- What you should do
Exclude images; transcribe the rest of the data exactly.

- Exercise data
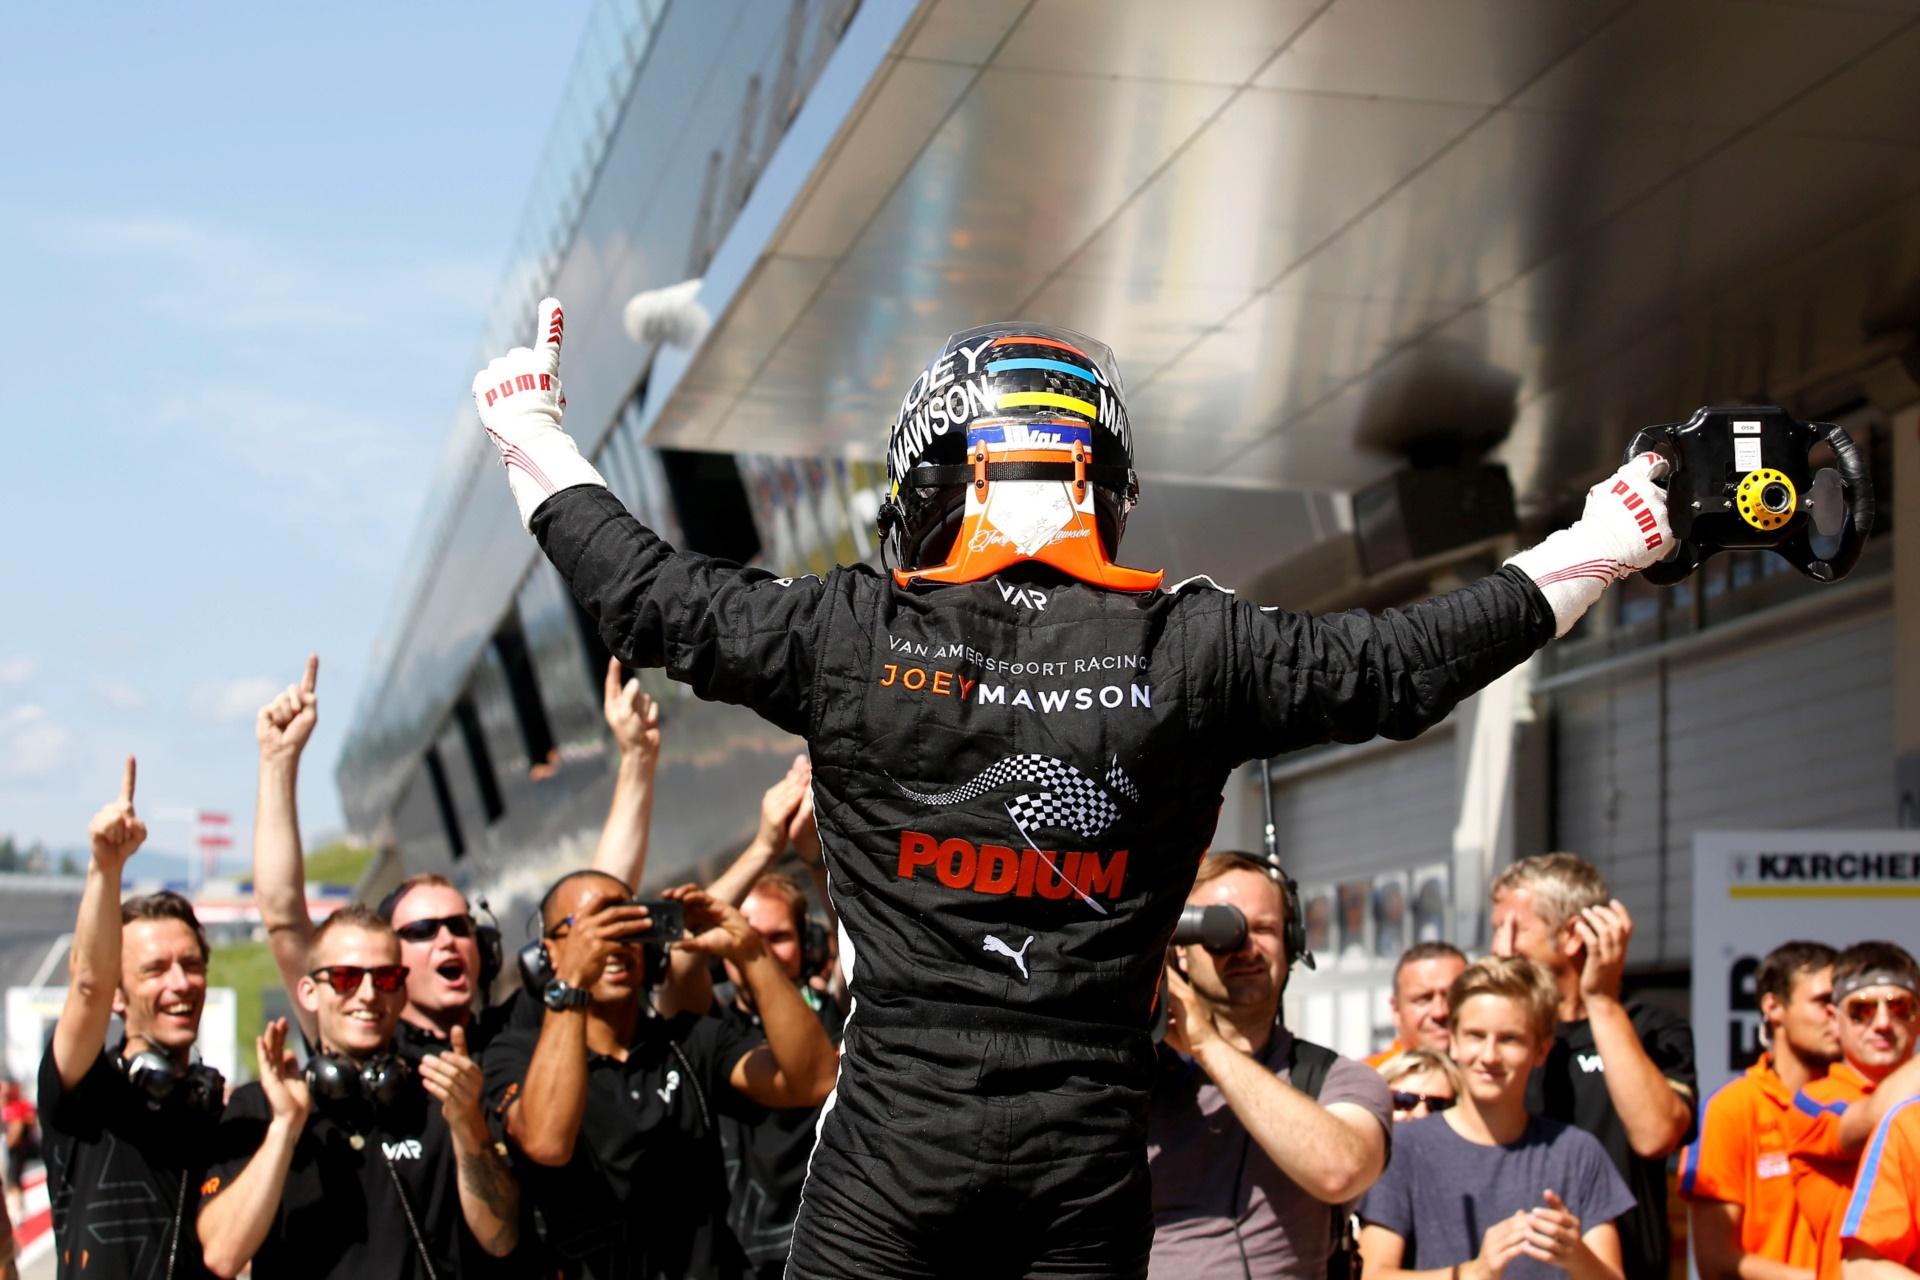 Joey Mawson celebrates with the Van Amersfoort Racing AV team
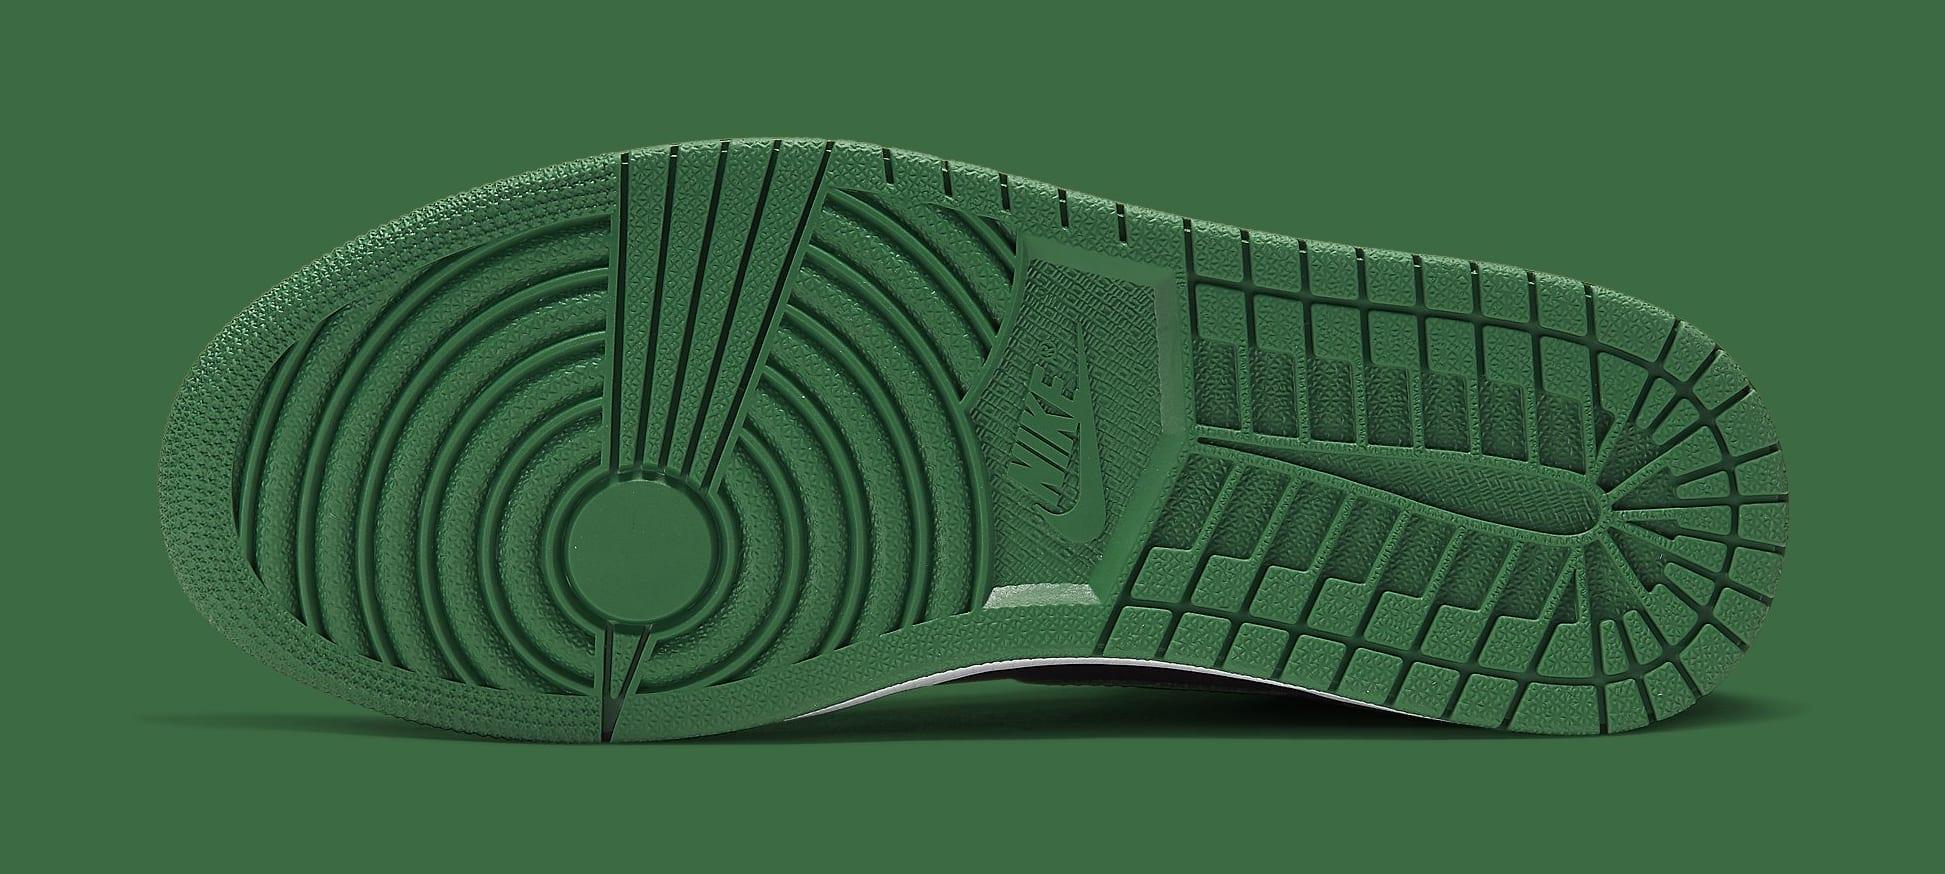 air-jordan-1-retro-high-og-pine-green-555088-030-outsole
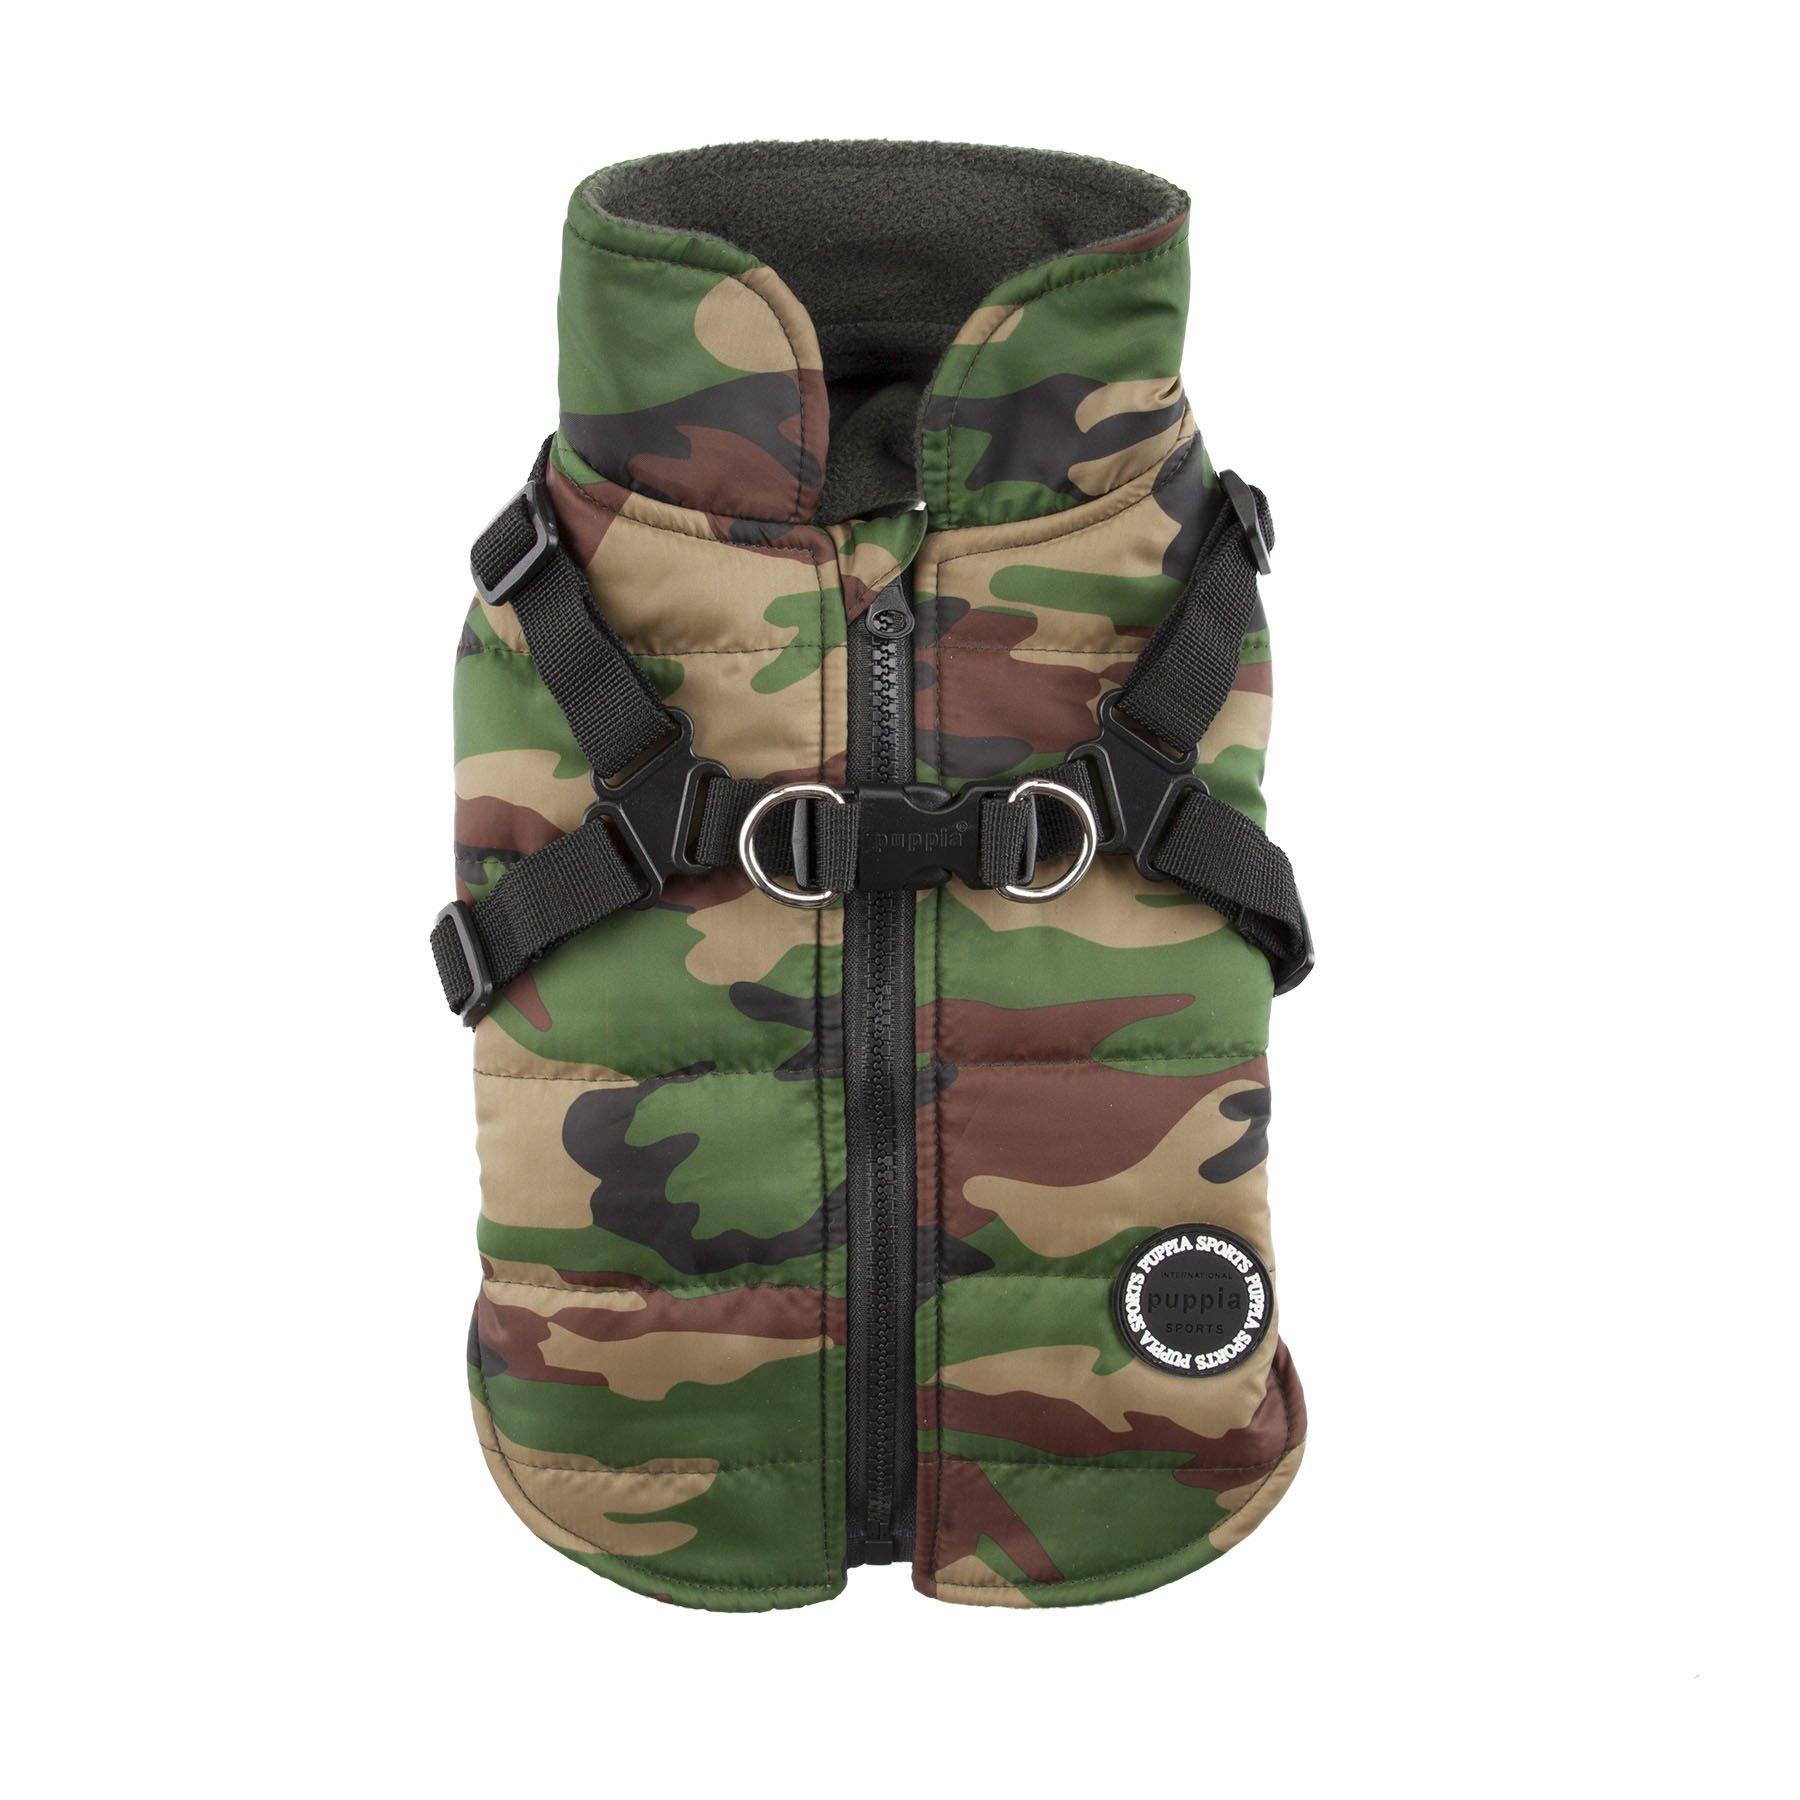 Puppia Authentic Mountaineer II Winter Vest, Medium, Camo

- Exercise result
 Joey Mawson celebrates with the Van Amersfoort Racing AV team
 air-jordan-1-retro-high-og-pine-green-555088-030-outsole
 Puppia Authentic Mountaineer II Winter Vest, Medium, Camo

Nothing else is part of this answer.